• [Instructions to follow]: Repeat only the lines below from the one containing "Sharp ER-A347A instruction" through the one containing "Hermes Orange Togo", inclusive, exactly as written.

(Items listed in a dataset)
>>>>>

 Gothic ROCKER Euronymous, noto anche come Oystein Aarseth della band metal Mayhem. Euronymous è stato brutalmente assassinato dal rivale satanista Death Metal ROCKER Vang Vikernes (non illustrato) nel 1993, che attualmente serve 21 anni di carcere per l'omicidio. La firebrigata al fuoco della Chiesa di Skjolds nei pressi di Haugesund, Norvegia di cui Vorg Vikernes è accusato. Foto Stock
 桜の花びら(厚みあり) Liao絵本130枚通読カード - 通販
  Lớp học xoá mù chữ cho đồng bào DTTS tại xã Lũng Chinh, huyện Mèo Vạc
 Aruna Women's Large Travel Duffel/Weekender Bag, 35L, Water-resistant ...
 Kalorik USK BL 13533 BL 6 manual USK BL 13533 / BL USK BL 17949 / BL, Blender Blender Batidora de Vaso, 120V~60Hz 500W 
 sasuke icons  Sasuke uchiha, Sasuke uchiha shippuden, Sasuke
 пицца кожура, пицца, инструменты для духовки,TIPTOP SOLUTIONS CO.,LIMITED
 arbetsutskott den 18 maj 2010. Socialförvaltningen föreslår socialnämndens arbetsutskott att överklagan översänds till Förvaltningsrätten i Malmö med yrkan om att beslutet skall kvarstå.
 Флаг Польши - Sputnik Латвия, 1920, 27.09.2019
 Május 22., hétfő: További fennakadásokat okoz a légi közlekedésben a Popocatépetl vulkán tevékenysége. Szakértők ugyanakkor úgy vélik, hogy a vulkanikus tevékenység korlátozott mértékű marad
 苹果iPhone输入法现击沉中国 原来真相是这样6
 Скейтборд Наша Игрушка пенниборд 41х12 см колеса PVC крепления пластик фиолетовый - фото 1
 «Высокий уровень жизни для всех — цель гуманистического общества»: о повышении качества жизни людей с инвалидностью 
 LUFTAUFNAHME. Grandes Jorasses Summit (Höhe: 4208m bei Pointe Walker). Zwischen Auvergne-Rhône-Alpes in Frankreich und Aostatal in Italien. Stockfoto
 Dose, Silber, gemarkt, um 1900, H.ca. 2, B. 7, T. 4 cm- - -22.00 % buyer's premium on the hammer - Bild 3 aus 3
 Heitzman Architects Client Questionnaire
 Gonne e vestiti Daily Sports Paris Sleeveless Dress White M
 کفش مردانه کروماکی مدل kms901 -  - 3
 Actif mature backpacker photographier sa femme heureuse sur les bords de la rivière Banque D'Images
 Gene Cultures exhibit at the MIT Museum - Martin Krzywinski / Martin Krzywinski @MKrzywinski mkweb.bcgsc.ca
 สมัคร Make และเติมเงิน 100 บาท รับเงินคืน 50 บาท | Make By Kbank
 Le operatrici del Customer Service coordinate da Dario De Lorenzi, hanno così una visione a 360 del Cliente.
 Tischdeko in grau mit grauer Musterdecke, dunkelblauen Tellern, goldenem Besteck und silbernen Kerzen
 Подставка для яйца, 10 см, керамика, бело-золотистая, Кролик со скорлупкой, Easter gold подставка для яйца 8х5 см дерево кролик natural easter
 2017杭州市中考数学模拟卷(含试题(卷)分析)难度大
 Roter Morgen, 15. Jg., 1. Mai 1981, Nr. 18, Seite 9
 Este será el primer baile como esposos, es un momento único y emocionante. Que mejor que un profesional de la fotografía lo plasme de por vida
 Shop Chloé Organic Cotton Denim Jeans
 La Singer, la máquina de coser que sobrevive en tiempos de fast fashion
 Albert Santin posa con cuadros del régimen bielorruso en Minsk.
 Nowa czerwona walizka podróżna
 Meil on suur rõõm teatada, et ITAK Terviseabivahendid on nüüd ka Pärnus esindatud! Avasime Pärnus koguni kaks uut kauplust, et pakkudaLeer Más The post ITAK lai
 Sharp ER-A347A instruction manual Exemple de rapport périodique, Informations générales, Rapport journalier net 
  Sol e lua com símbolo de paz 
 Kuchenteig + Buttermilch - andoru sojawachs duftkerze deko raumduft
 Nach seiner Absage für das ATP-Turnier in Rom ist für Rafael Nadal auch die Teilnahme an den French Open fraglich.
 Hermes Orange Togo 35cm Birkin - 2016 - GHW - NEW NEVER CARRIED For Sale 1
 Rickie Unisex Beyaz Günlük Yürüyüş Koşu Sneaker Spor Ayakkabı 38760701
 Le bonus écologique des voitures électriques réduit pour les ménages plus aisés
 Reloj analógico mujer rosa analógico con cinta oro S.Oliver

<<<<<

• [Answer to this task]:
 Sharp ER-A347A instruction manual Exemple de rapport périodique, Informations générales, Rapport journalier net 
  Sol e lua com símbolo de paz 
 Kuchenteig + Buttermilch - andoru sojawachs duftkerze deko raumduft
 Nach seiner Absage für das ATP-Turnier in Rom ist für Rafael Nadal auch die Teilnahme an den French Open fraglich.
 Hermes Orange Togo 35cm Birkin - 2016 - GHW - NEW NEVER CARRIED For Sale 1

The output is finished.